Would this be possible?

Thanks! Floris

samuelklee commented 5 years ago

Hi @fpbarthel,

You have a few options, but I think they would all require a bit of manual processing on your part. For example, you could use CollectReadCounts with your initial list of bins, but then you'd have to do the averaging step manually. Hopefully, it should not be too trouble to put together your own script to do this; however, since it is somewhat of a custom operation, it's unlikely we'll support it as a feature.

In any case, note that the rest of the downstream tools in both our germline and somatic pipelines are only set up to work with integer counts. I don't know your reasons for wanting to average counts over multiple bins, but since 1) averages contain less information than the full resolution bins, 2) the BAM I/O to perform count collection is expensive (so we don't want to discard information during the CollectReadCounts step that we might need later), and 3) we want to build generative models of the counts, our philosophy is to always retain the integer counts.

fpbarthel commented 5 years ago

@samuelklee thanks for your response. The reason I propose this is that I've noticed that with WGS increasing the --bin-length parameter (to eg 10kb vs the recommended 1kb) to PreprocessIntervals dramatically increases the stability and decreases the noise for lower quality input (eg. FFPE) or lower coverage (eg. lowpass whole genomes). However, for exome sequencing there doesn't seem to be such a feature. So if your input data is of lower quality (eg. FFPE) there is no way to average across larger bins. I suppose what you are suggesting will work and will give it a try, but I am wondering if there are any plans to improve the CNV calling for lower quality WXS samples?

samuelklee commented 5 years ago

@fpbarthel In that case, I would not average the bins---I'd simply take the total integer count across them, which you can then use with the rest of the pipeline and should decrease the noise as you describe. You can still use CollectReadCounts, but it will be up to you whether you want to 1) collect counts on manually merged bins, or 2) collect counts on the initial bins and manually sum the counts for the merged bins. Another option might be to use PreprocessIntervals to create 10kb bins across the genome and then manually intersect that with your list of exons (i.e., keeping only the bins that overlap with your exons) before collecting counts.

There are multiple ways one might define such merged bins, which makes it hard to come up with a single tool to cover every possibility. Fortunately, it should be relatively easy for users to put together their own custom script for merging bins. For these reasons, I think it makes sense to not focus too much CNV-team development effort on adding features like this---our philosophy is to leave such pre/postprocessing steps to the user, and focus on CNV-specific algorithms such as denoising, segmentation, etc. Hopefully that makes sense!

fpbarthel commented 5 years ago

Another option might be to use PreprocessIntervals to create 10kb bins across the genome and then manually intersect that with your list of exons (i.e., keeping only the bins that overlap with your exons) before collecting counts.

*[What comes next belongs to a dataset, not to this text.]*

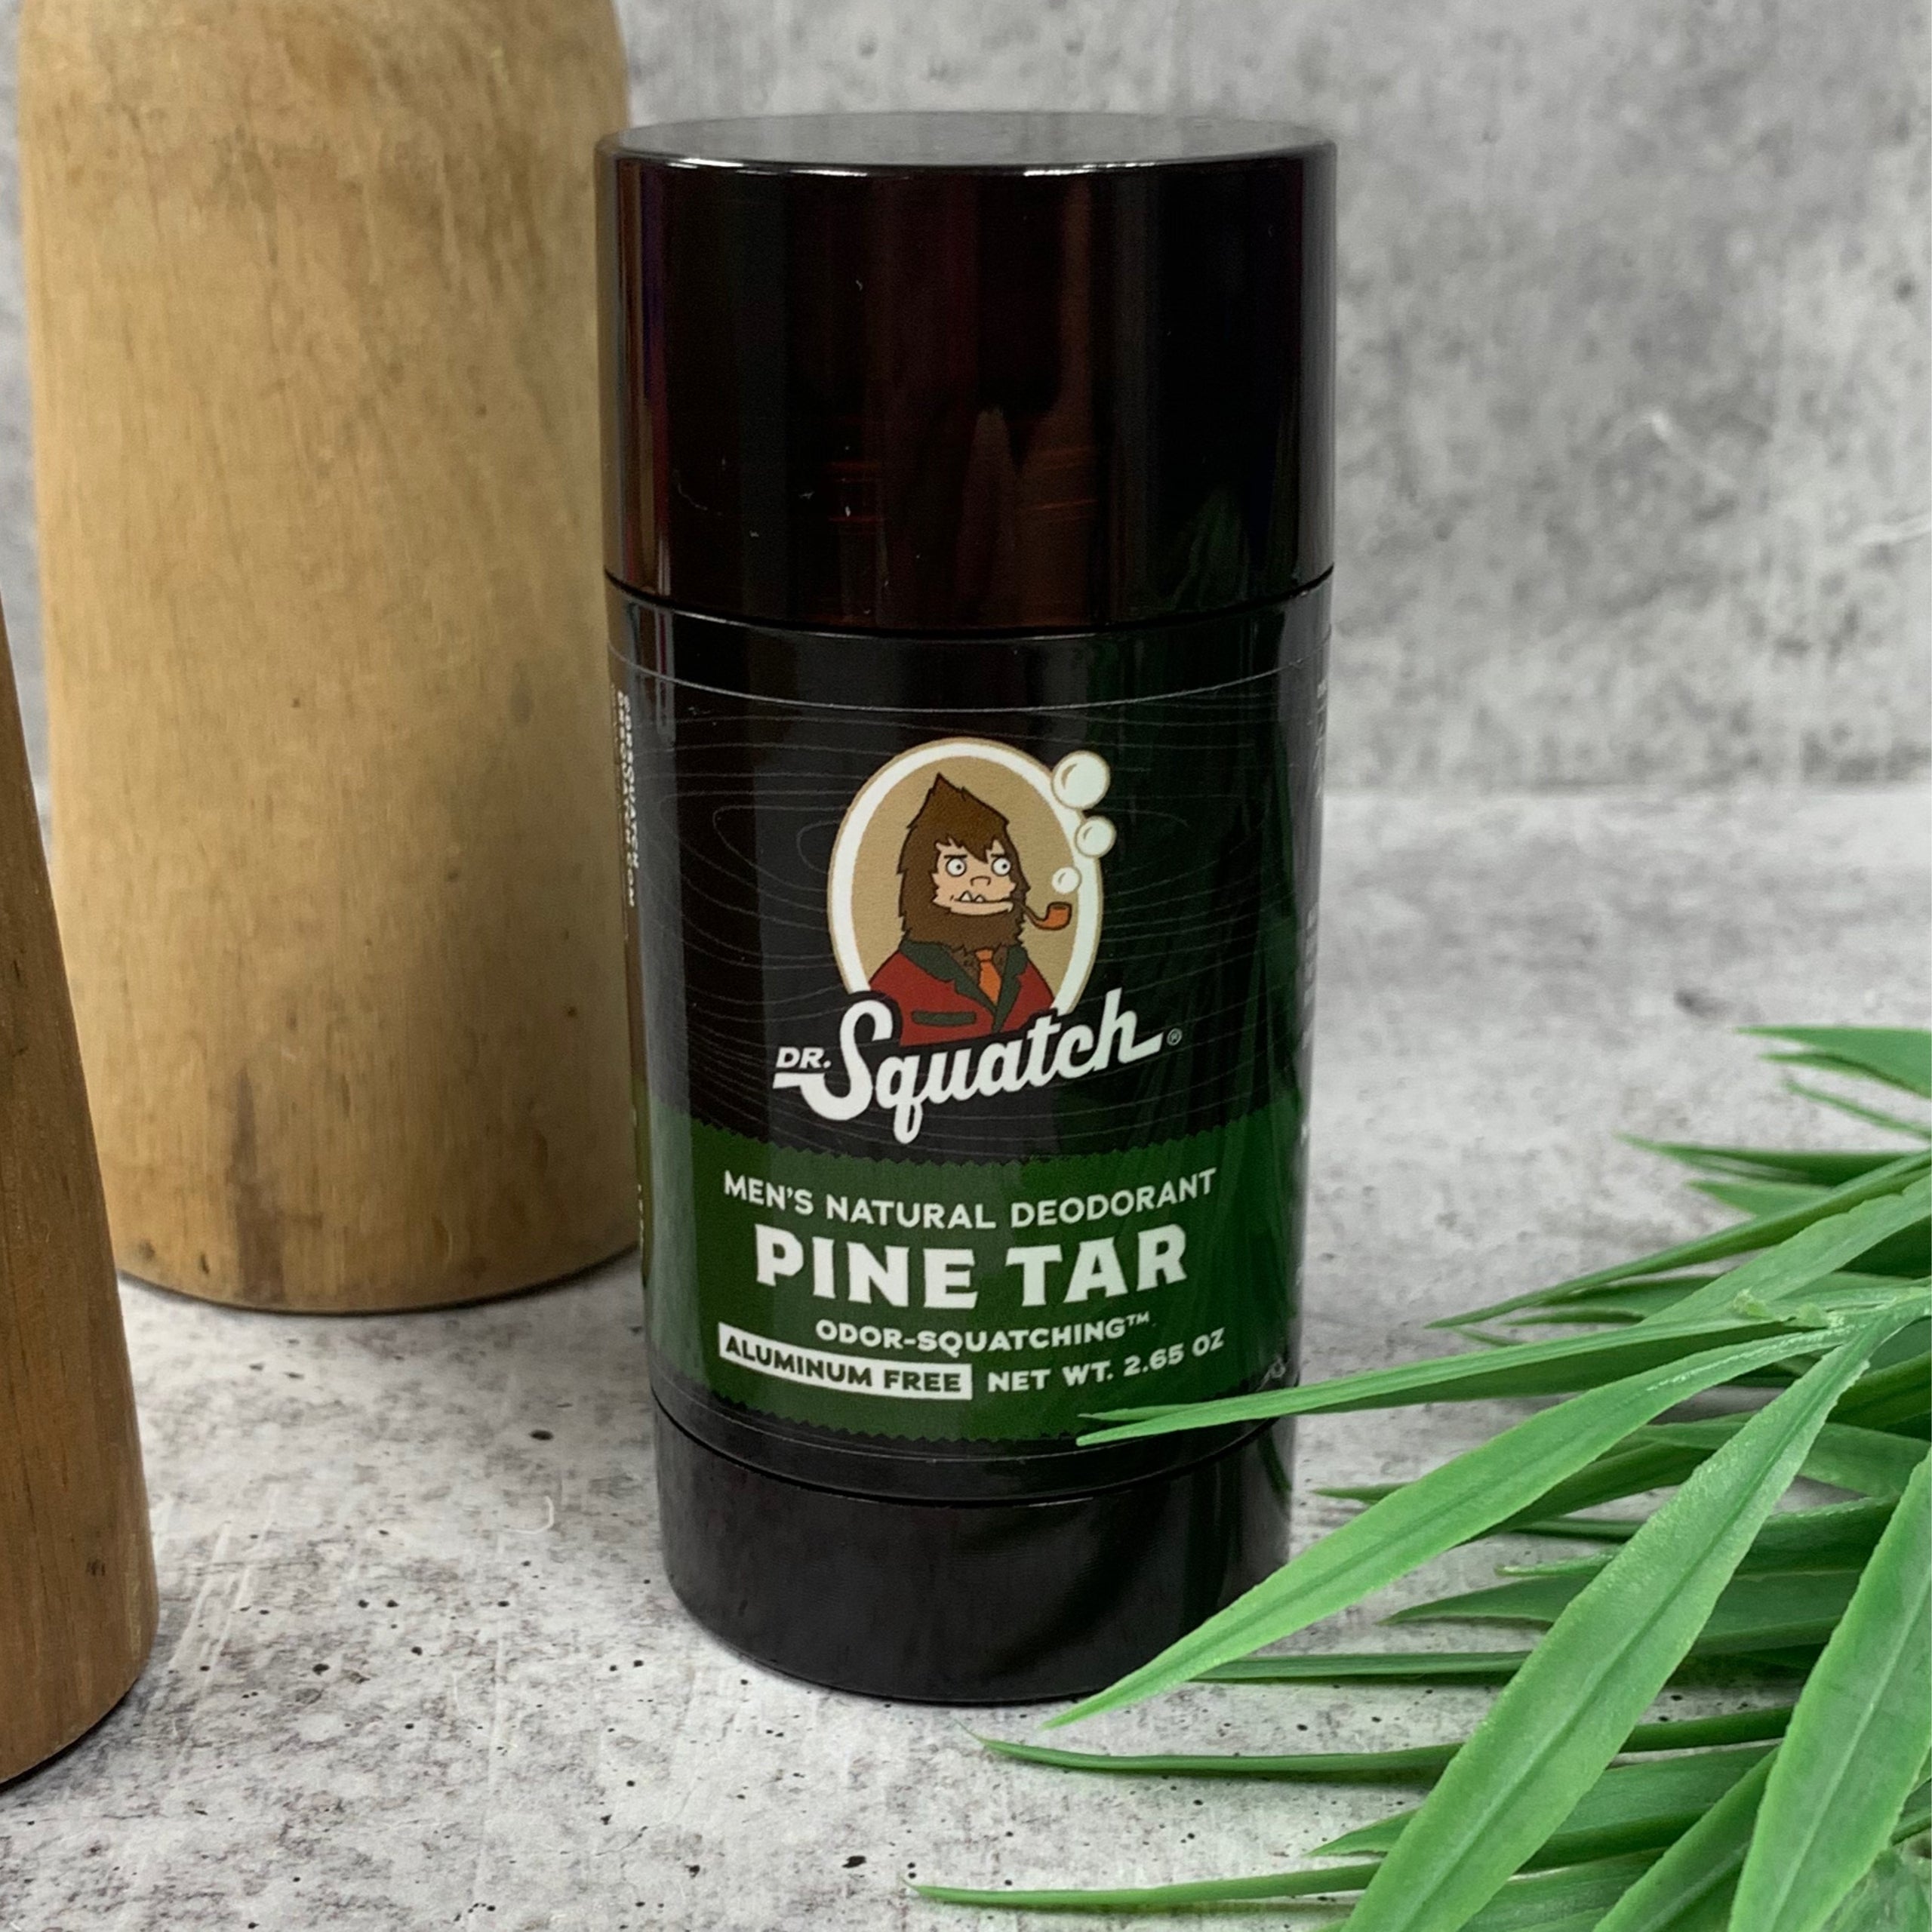 Dr. Squatch Pine Tar Natural Deodorant - 2.65 oz

Thanks @samuelklee, that sounds like a pretty solid idea, to sum up read counts from targets in 10kb bins. Would it be necessary to apply some sort of weighting? Ie. I imagine that some 10kb bins may have only a single 100bp exon overlapping (ie in gene deserts) whereas another 10kb bin could have a dozen 500bp exons, and thus much higher read counts purely because a larger overlap with target regions from the capture experiment.

samuelklee commented 5 years ago

@fpbarthel The denoising methods in both the somatic and germline pipelines correct for bin-specific biases. So no weighting of the raw counts should be necessary.